Outra inspiração é Carolina Maria de Jesus, a catadora de papel que fazia um diário sobre a vida na favela onde morava com os filhos. Em 1960, os registros se transformaram no livro Quarto de Despejo. Como tinha pouco estudo, Carolina escrevia de maneira bem própria. Ela entregou o diário para o jornalista Audálio Dantas, que organizou a papelada toda, mas sem mudar o estilo da autora. Foi assim que surgiu o livro.
Eu também curto escrever e não avancei muito na escola (concluí o ensino médio só depois de adulto). Por dois anos, redigi pequenos textos sobre a história brasileira, destacando a contribuição de personagens negros, como o geógrafo Teodoro Sampaio, o psiquiatra Juliano Moreira, a socióloga Virgínia Bicudo e o engenheiro André Rebouças. Queria mostrar que os pretos não aceitaram passivamente a escravidão do passado nem aceitam as explorações do presente. Mesmo sob condições ruins, buscam caminhos para crescer.
Quando li Quarto de Despejo, tomei coragem e apresentei as anotações à editora Mostarda. Os profissionais da casa ajeitaram os escritos sem adulterar o meu palavreado. O trabalho resultou no livro Brasil Tumbeiro, que publiquei em 2021 com a intenção de atrair especialmente os jovens.
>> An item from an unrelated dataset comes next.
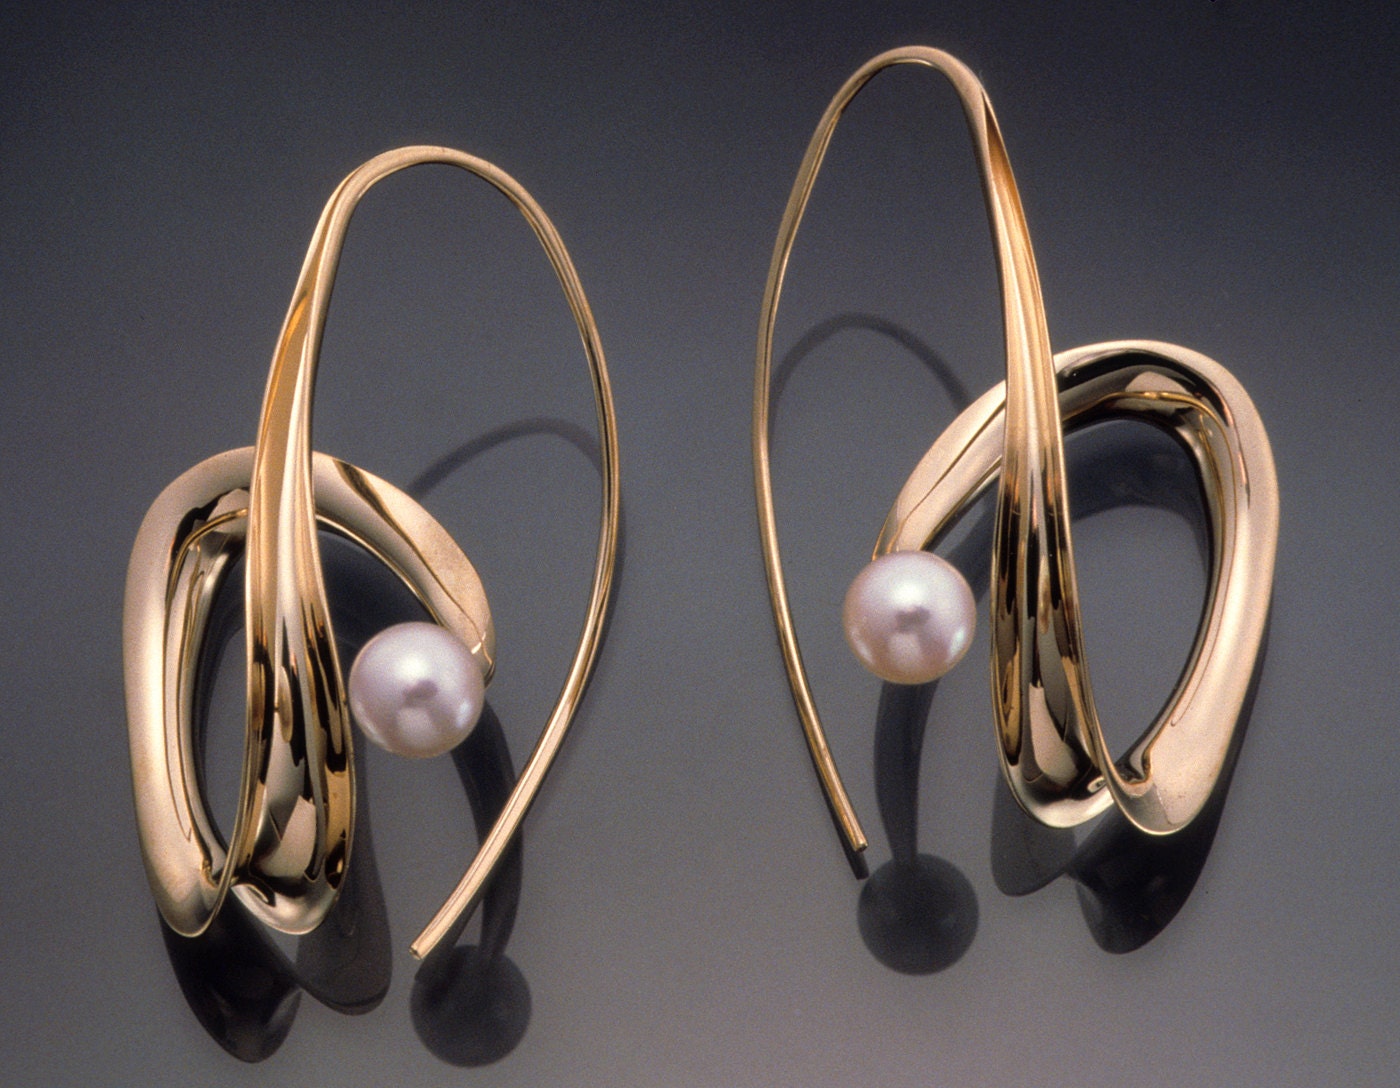 14K Shiny Solid Gold Earrings With Cultured Akoya Pearls. - Etsy

Talvez você não saiba, mas tumbeiro é sinônimo de navio negreiro. Na travessia marítima da África para a América, os pretos morriam às dezenas. Viajavam em tumbas, não em navios. Agora preparo outro livro, um infantil sobre o abolicionista José do Patrocínio, que será lançado em julho, na Bienal de São Paulo.
Costumo dizer que não tenho nada contra os brancos. Minha desavença é com os racistas. Ou melhor: é com o racismo que está impregnado em nossa sociedade e se manifesta nas situações mais comuns. Nem sempre as pessoas que expressam preconceito desejam realmente discriminar. Muitas vezes, agem por impulso, sem perceber a imensa dor que causam. Chamar negros de macacos pode até não parecer tão ofensivo para um branco. Há quem ache que o xingamento é uma brincadeira. Estão redondamente enganados. Nenhum branco faz ideia do que os negros sentem quando são desumanizados.
Lembre-se disso toda vez que entrar em campo, Rafael, e continue lembrando fora dos estádios. Se por acaso você derrapar e disser uma bobagem para alguém, admita logo. Não finja que nada aconteceu. Assuma o erro e peça desculpas.